Ocean rain has a cool, motionless tone that distances it from some of its siblings. Where Diorella and Femme focus on the warmth at the heart of a chypre and suggest body contact, Ocean rain puts a lid on things. It has a dampening tone. It acts more as a filter than a springboard. As soon as it puts forward an idea, it pulls it back almost suspiciously. What seems like a chypre’s moss, and the foot in the door to a bodily scent, freezes suddenly and appears mineral. The citrus topnote doesn’t lead to green woods and indolic flowers, the fullness of hesperidic notes that often follows the initial tartness of bergamot in a chypre. It becomes a cold breeze and leaves behind a clinical wake. Ocean Rain isn’t tentative, it is exceedingly careful.
I've never quite know what to make of Ocean Rain. Roudnitska trained us to understand that at the heart of a chypre is a fundamentally devil-may-care attitude. Before anything else, a chypre is about pleasing oneself. Ocean rain reads more as restrained, grim to some. Where Diorella suggests an infinite range of color tones hiding behind each olfactory note, Ocean rain tells you that the world is a blanched sepia. Earthy olfactory tones can the suggest decay of autumn, the freshness through the muck of spring, the vegetal richness of early summer. The commonality is richness. Ocean Rain's earthiness is less optimistic in tone. It's dirt as opposed to soil.
Seen as a chypre, Ocean Rain is dour. Perhaps a better lens through which to see it would be Diorissimo. Again, I know Diorissimo from descriptions of the original fragrance, through anecdotal history of its making and from the general writing of Rounitska found online--not from smelling the vintage perfume. Seeing Ocean Rain, the last perfume of a dead perfumer from the perspective of one of his great works that had effectively been hobbled by reformulation before his own death, is a bit ghoulish and essentially fictitious since it is based on so many weak links. But the history of perfume is largely the interpretation of discussions of suppositions of gossip in the first place. I’ll proceed, if cautiously.

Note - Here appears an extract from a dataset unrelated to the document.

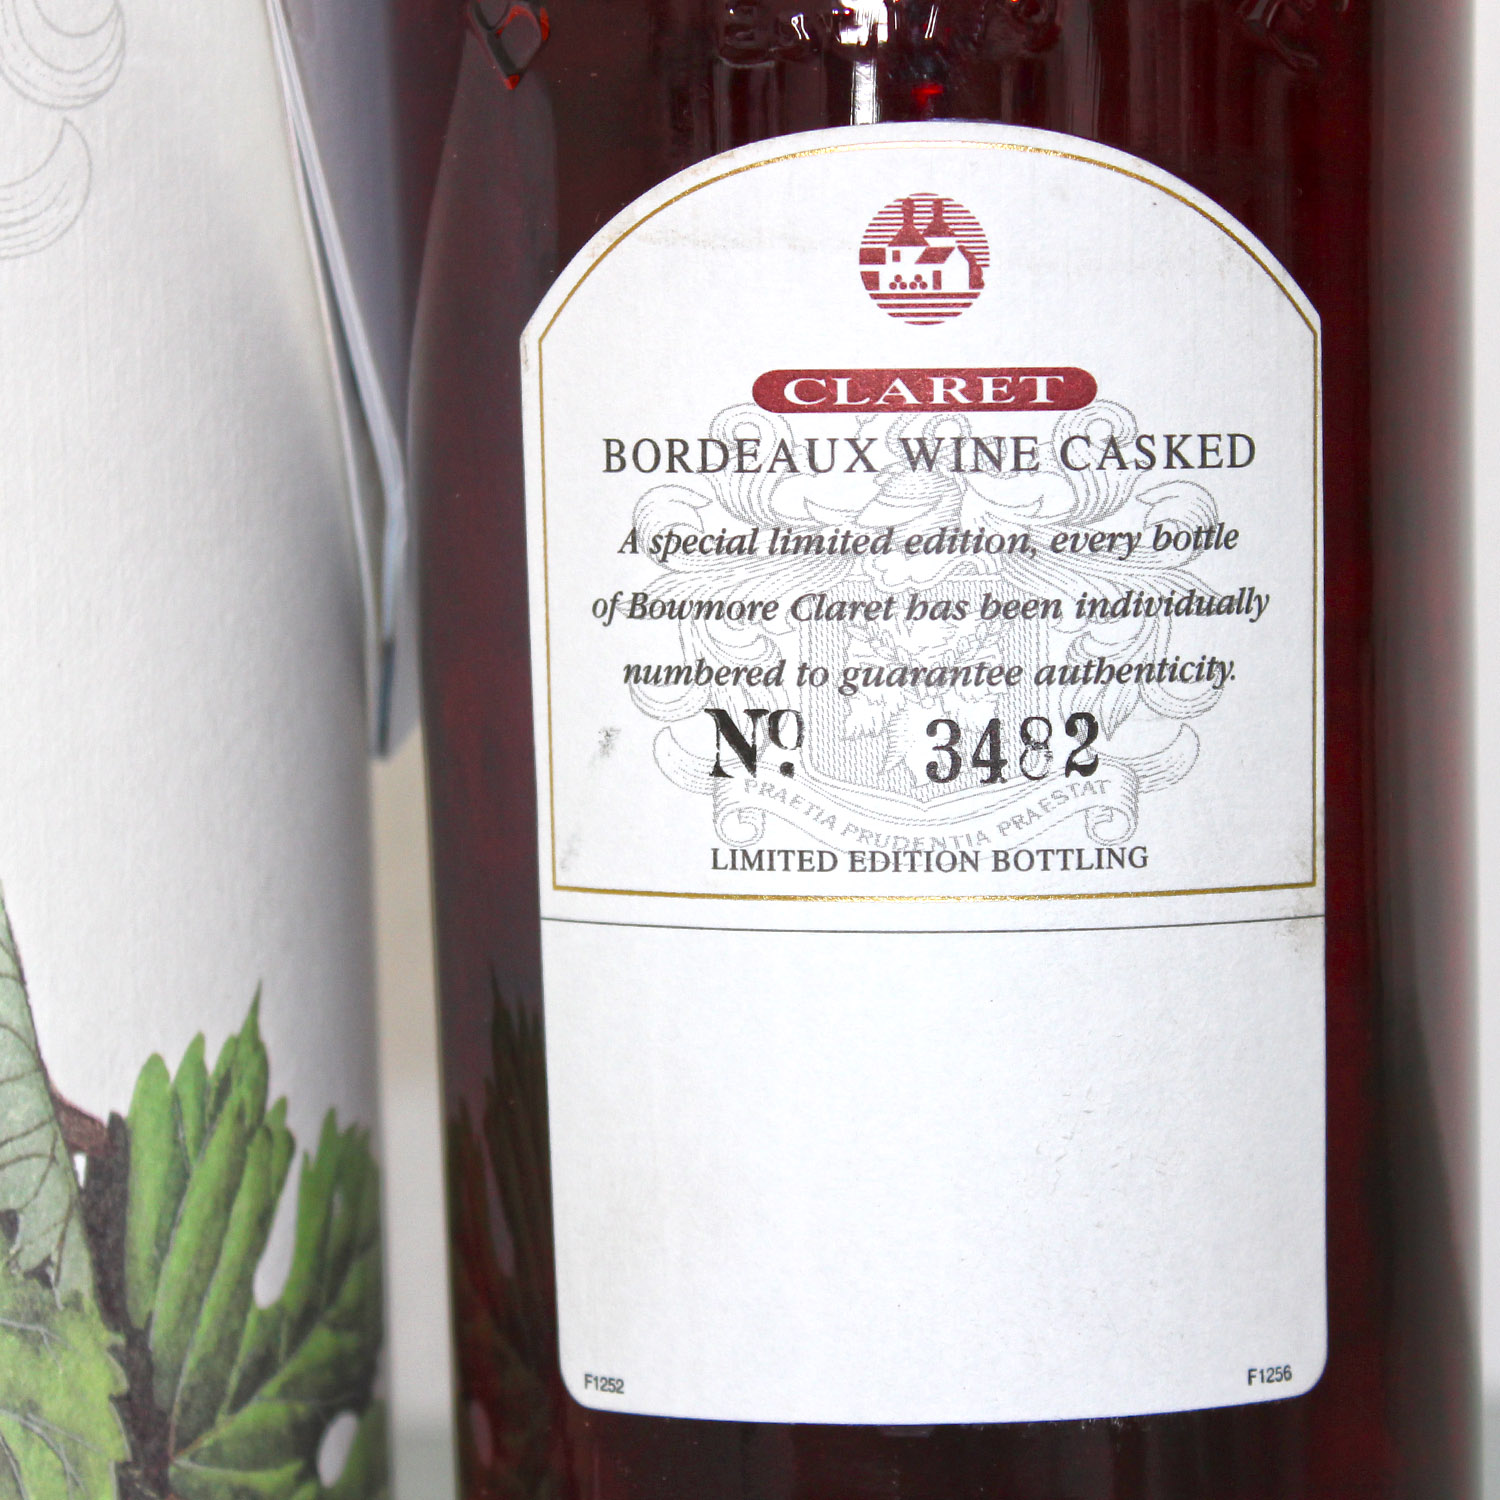 Bowmore Claret Bordeaux Wine Casked Scotch Whisky Label Back

The muguet at the heart of Diorissimo is the height of synthesis and a success of abstraction as the tool of a trained mind. Roudnitska chose as his topic a fragrance he knew couldn’t be gathered botanically as the flower produces no fragrance materials that can be collected and there is no other scent in the environment that closely mimics it. He chose this target as the means by which he would show the perfumery of the time (mid-20th century) as burdened and overstuffed. He sought to create Diorissimo not only to create what nature wouldn’t surrender, he meant it to be a lesson in the conceptualization and execution of perfumery.
Diorissimo is the only perfume I have found that in fact presented a manifesto. I’ve mentioned in the past that perfumery doesn’t have artistic movements, as in deliberate artistic explorations and uncovering of dogma, credos or theories pre-existing the art itself. Perfume has genres, which are really objective or subjective descriptions and classifications. Here, Diorissimo stands apart from all other perfumes.
I don’t think that Ocean Rain was the artistic assertion that Diorissimo was. I simply find that the tones used to create a crisp, hygienic tone like lily-of-the-valley as the same palette that will let us take apart Ocean Rain. Ocean Rain isn’t a frigid, sociopath of a chypre, it’s simply a cold beauty. The soapy muguet in Diorissimo suggested a temperature that in Spring is cool but warming. The same temperature in Ocean Rain is simply travelling in the other direction, not halfway to summer warmth, but halfway to frozen. It’s the scent of an imaginary late-autumn-blooming fruit tree.
Ocean rain smell of dirt and wood and chilled flowers. Does that seem unwelcoming? I find it enticing.